Pourquoi, demanderez-vous peut-être, étendre ces conséquences jusqu’aux enfants ? Parce qu’ils reçoivent de leurs parents trois biens précieux : l’existence, la nourriture et l’éducation [4] et qu’ils ont besoin pour leur développement normal d’une atmosphère de joie ; or, la sérénité de la jeunesse, l’équilibre de la formation et de l’instruction ne se conçoivent pas tant qu’il peut subsister un doute sur la fidélité des parents. Les enfants ne renforcent-ils point le lien de l’amour conjugal ? Mais la rupture de ce lien devient une cruauté à leur égard : c’est méconnaître leur sang, avilir leur nom et couvrir leur front de honte ; c’est diviser leur cœur, leur enlever leurs petits frères et le toit domestique ; c’est empoisonner le bonheur de leur jeunesse et c’est leur donner, chose grave entre toutes pour leur esprit, un scandale moral. Que de blessures dans l’âme de millions d’enfants ! Et souvent quelles tristes et lamentables ruines ! Que d’implacables remords, quels déchirements dans les consciences ! Les hommes sains d’esprit, moralement purs, joyeux et contents, les hommes intègres de caractère et de vie, en qui l’Eglise et la Cité mettent leurs espérances, ne sortent pas pour l’ordinaire de foyers troublés par la dissension et par l’inconstance de l’amour, mais de familles où règnent, profonde, la crainte de Dieu et, inviolable, la fidélité conjugale. Si vous recherchez aujourd’hui les vraies causes de l’affaissement des mœurs, l’origine du poison qui travaille à corrompre une part importante de la famille humaine, vous ne tarderez pas à en découvrir une des sources les plus fatales et les plus coupables dans la législation et la pratique du divorce. Les œuvres et les lois de Dieu exercent toujours une heureuse et puissante action ; mais quand la légèreté ou la malice des hommes interviennent, elles y apportent le trouble et le désordre, et alors les bienfaisants effets cèdent la place à une somme incalculable de maux, comme si la nature elle-même se révoltait, indignée, contre l’œuvre des hommes. Et parmi les institutions et les lois de Dieu, qui donc oserait nier ou contester qu’il y ait l’indissolubilité du mariage, cette colonne de la famille, de la grandeur nationale, de la patrie ? Car c’est bien dans le courage de ses hardis garçons que la patrie trouvera toujours le rempart et l’instrument de sa prospérité.

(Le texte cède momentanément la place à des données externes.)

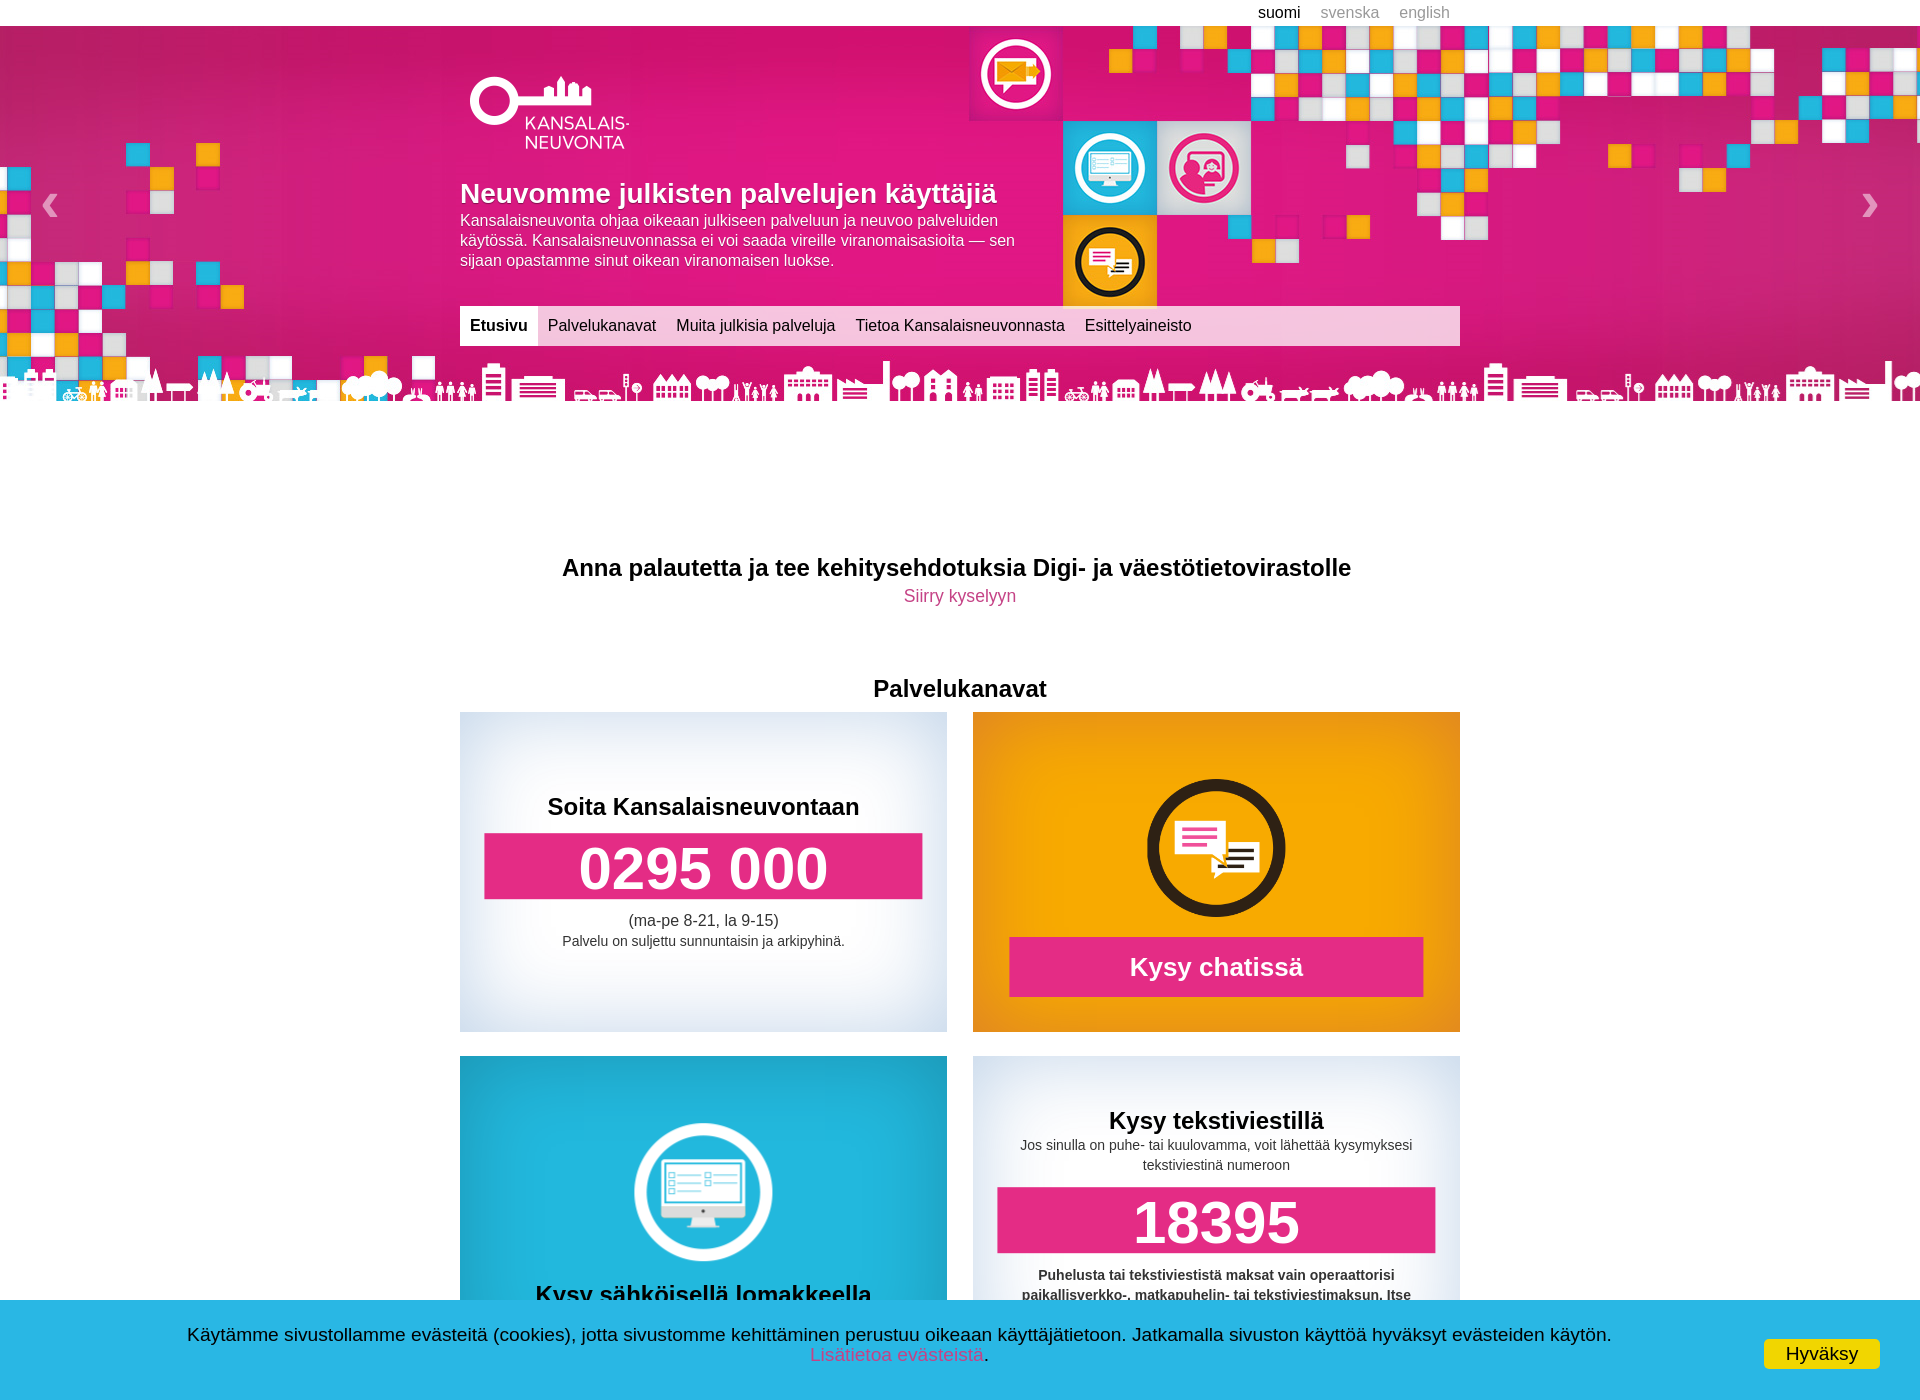 Skärmdump för citizensadvice.fi

Pour vous, chers jeunes mariés, remerciez Dieu d’appartenir à une famille sans tache où vous avez eu la faveur de vivre dans l’affection de parents craignant Dieu et de parvenir à votre pleine maturité chrétienne et catholique. En un temps si enclin à une excessive liberté à l’égard des lois divines, mettez votre honneur et votre gloire à développer, à réaliser et à professer la haute conception du mariage tel que le Christ l’a établi. Elevez dans vos prières communes de chaque jour vos cœurs vers Dieu et demandez-lui qu’après avoir bien voulu vous accorder un bon départ, il daigne, dans la puissante efficacité de sa grâce, vous conduire heureusement au terme. C’est avec ce vœu et en gage des plus exquises faveurs du ciel que Nous vous accordons de cœur Notre paternelle Bénédiction apostolique.
Pie XII, Pape
Source : Documents Pontificaux de S. S. Pie XII, année 1954, Édition Saint-Augustin Saint-Maurice – D’après le texte italien de Discorsi e Radiomessaggi, t. IV, p. 53 ; cf. la traduction française des Discours aux jeunes époux, t. II, p. 156.